The first step in troubleshooting an HTTP server error is the 5xx Server Error message the failure generated. For many of the most common server errors, the code doesn't help much in hunting down the source of the problem. Fortunately, a handful of causes accounts for the bulk of 500 (generic), 503 (unavailable), and 520 (unknown) server-error messages.
When a server generates an error code in response to a request, there are a finite number of possible causes. The problem is that too often the HTTP error code doesn't provide much of a clue about the error's origin. A restart or some other short-term fix may get you running again, but some errors defy a quick solution. These are the most likely sources of server-error glitches whose causes aren't readily apparent: 500 (generic), 503 (unavailable), and 520 (unknown error).

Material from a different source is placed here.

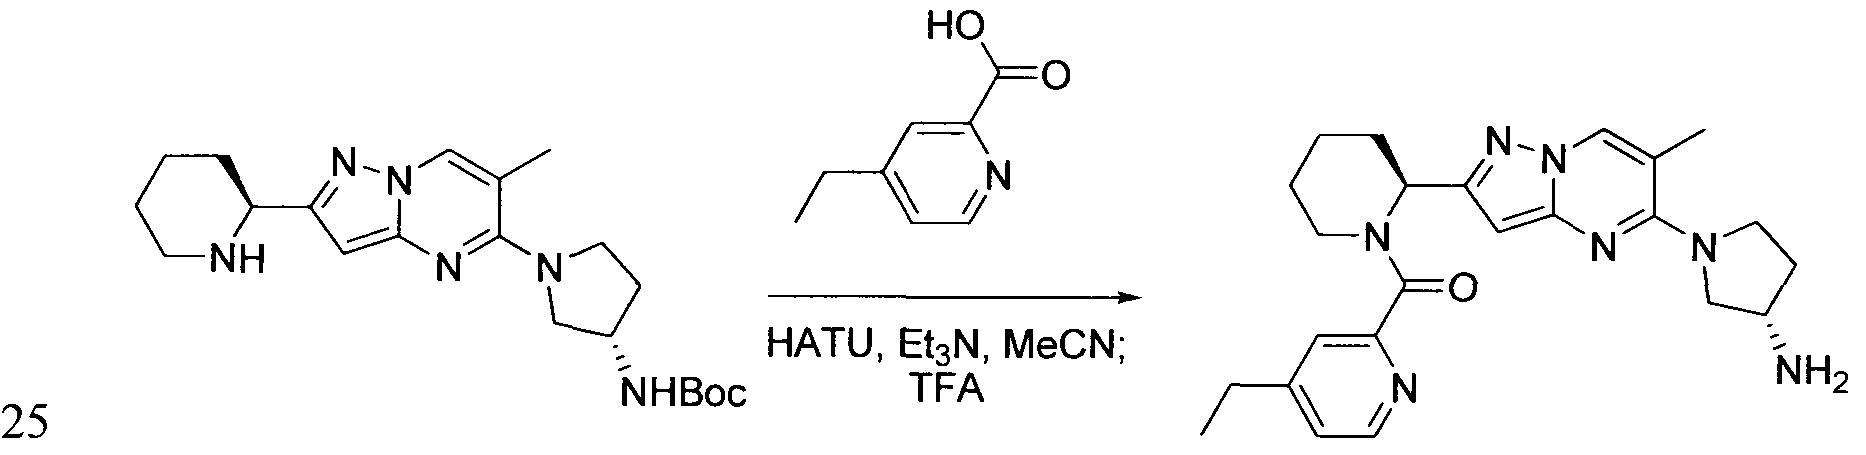 Figure imgf000440_0002
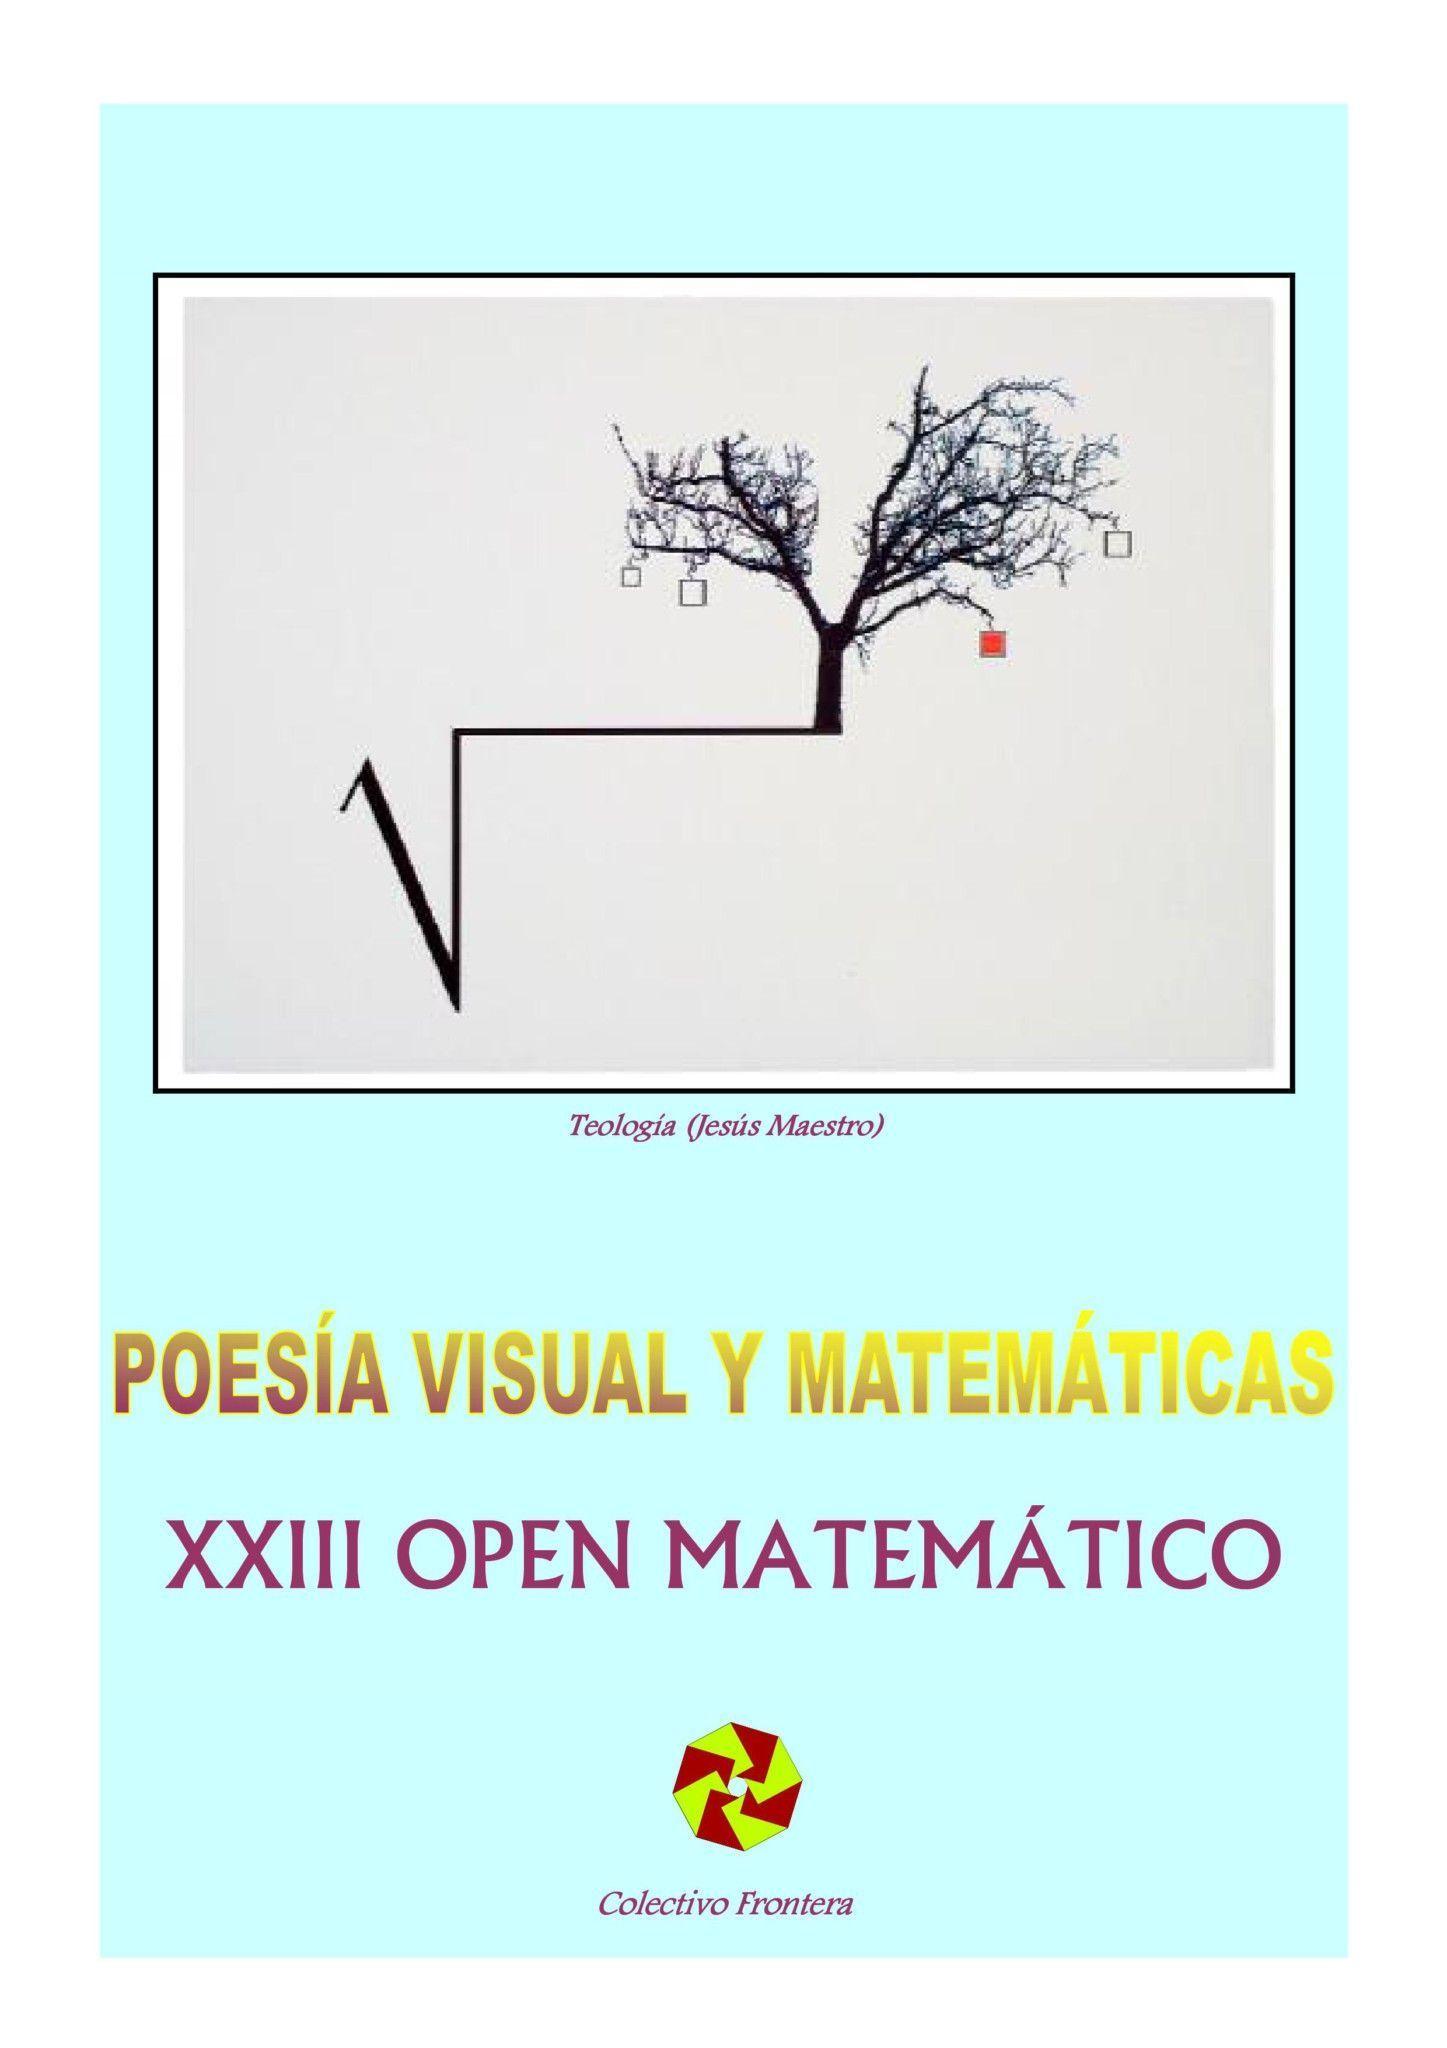 Poesía Visual de Jesús Maestro

W3Schools.com provides a complete list of HTTP status messages along with a brief description of each; 5xx server error messages and descriptions are shown below.
Of the many HTTP server error codes, the three that are most difficult to troubleshoot are 500 (generic), 503 (unavailable), and 520 (unknown error). Source: W3Schools.com
Getting to the Bottom of a '500 Internal Server Error' Message
About.com's Tim Fisher identifies the three most common causes of the generic 500 Internal Server Error alert:
- Permission errors caused by a file or folder lacking appropriate access rights. The incorrect permission is most often associated with a PHP or CGI script. The standard setting for such scripts is 0775 (-rwxr-xr-x).
- PHP timeouts when attempting to connect to external resources. These can usually be addressed by adjusting the timeout rules or improving the script's error handling.
- A .htaccess coding error.
Servers running Microsoft Internet Information Service generate more specific error codes. The Microsoft Support site provides a complete list of these supplemental codes, which are listed below.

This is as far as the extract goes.